The beneficial effects of the technical scheme are as follows: whether the target IT equipment fails or not can be intuitively determined according to the scores by directly determining whether the target IT equipment fails or not by using the score comparison mode, and the judging efficiency is improved.
In one embodiment, as shown in fig. 3, the method further comprises:
step S301, generating a fault code of the target IT equipment according to the specific fault information of the target IT equipment;
Step S302, searching a fault point corresponding to the fault code, positioning the fault point and obtaining an electronic positioning result;
Step S303, inquiring a fault solution corresponding to the fault point;
And step S304, displaying the fault solution and the electronic positioning result.
The beneficial effects of the technical scheme are as follows: the maintenance personnel can quickly and accurately know the fault point of the fault of the target IT equipment and a specific maintenance scheme, and further can quickly maintain the target IT equipment so as to ensure the working efficiency and the service quality of the target IT equipment, and the experience of a user is further improved.

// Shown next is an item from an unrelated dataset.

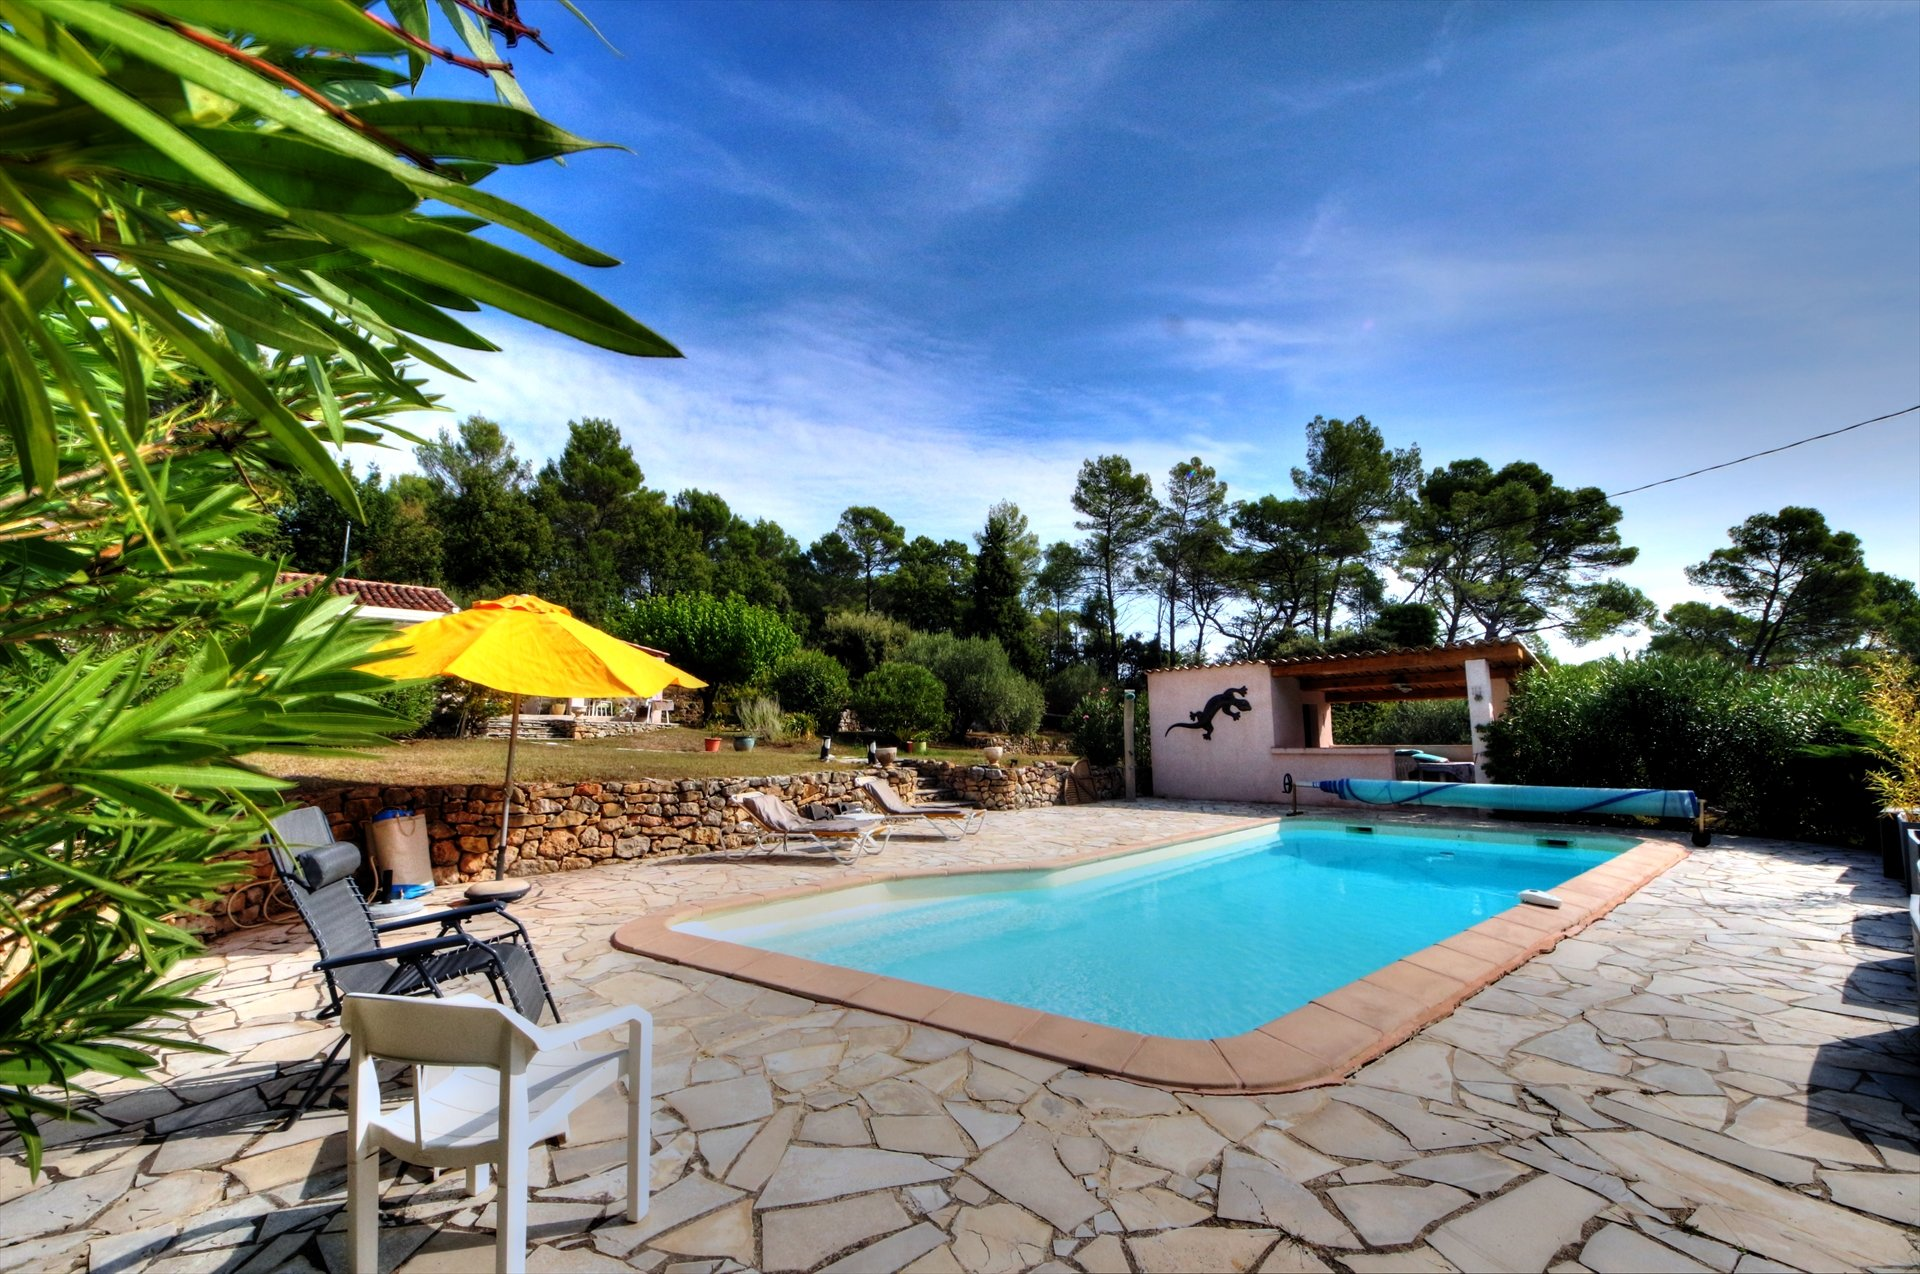 Salernes, quiétude et campagne, joli bastidon avec piscine

In one embodiment, the clustering the processed periodic performance data according to the preset fault type, after obtaining the clustering result, further includes:
Acquiring a target business operation related to the clustering result, acquiring a business input instruction related to the target business operation, and calling first data A 1 and second data A 2 related to the business input instruction from an equipment database and a management database;
Determining a first capacity of the first data A 1, determining a second capacity of the second data A 2, judging whether the first capacity and the second capacity are empty, and if yes, performing invalid feedback to the sub-component of the target IT device;
otherwise, determining a first code χ 1 of the first data a 1 and performing a first classification process;
Meanwhile, determining a second code χ 2 of the second data A 2, and performing second classification processing;
Wherein i=1, 2; A cumulative multiplication of the index values χ ij representing the different characteristic indices of j=1, 2..n in the i-th data; r ij+1 represents the feature code value of the j+1th feature index in the ith data; r ij represents the feature code value of the j-th feature index in the i-th data; k1 represents the number of feature coding sequences of the jth feature index in the ith data; /(I) A sequence value representing a kth feature code sequence in a jth feature index in the ith data; alpha k represents the sequence weight of the kth feature coding sequence in the jth feature index in the ith data, and n represents the number of feature indexes;
And according to the classification areas corresponding to the first classification result S 1 and the second classification result S 2, effective feedback is carried out on the corresponding sub-components in the target IT equipment, and corresponding feedback information is sent to be displayed.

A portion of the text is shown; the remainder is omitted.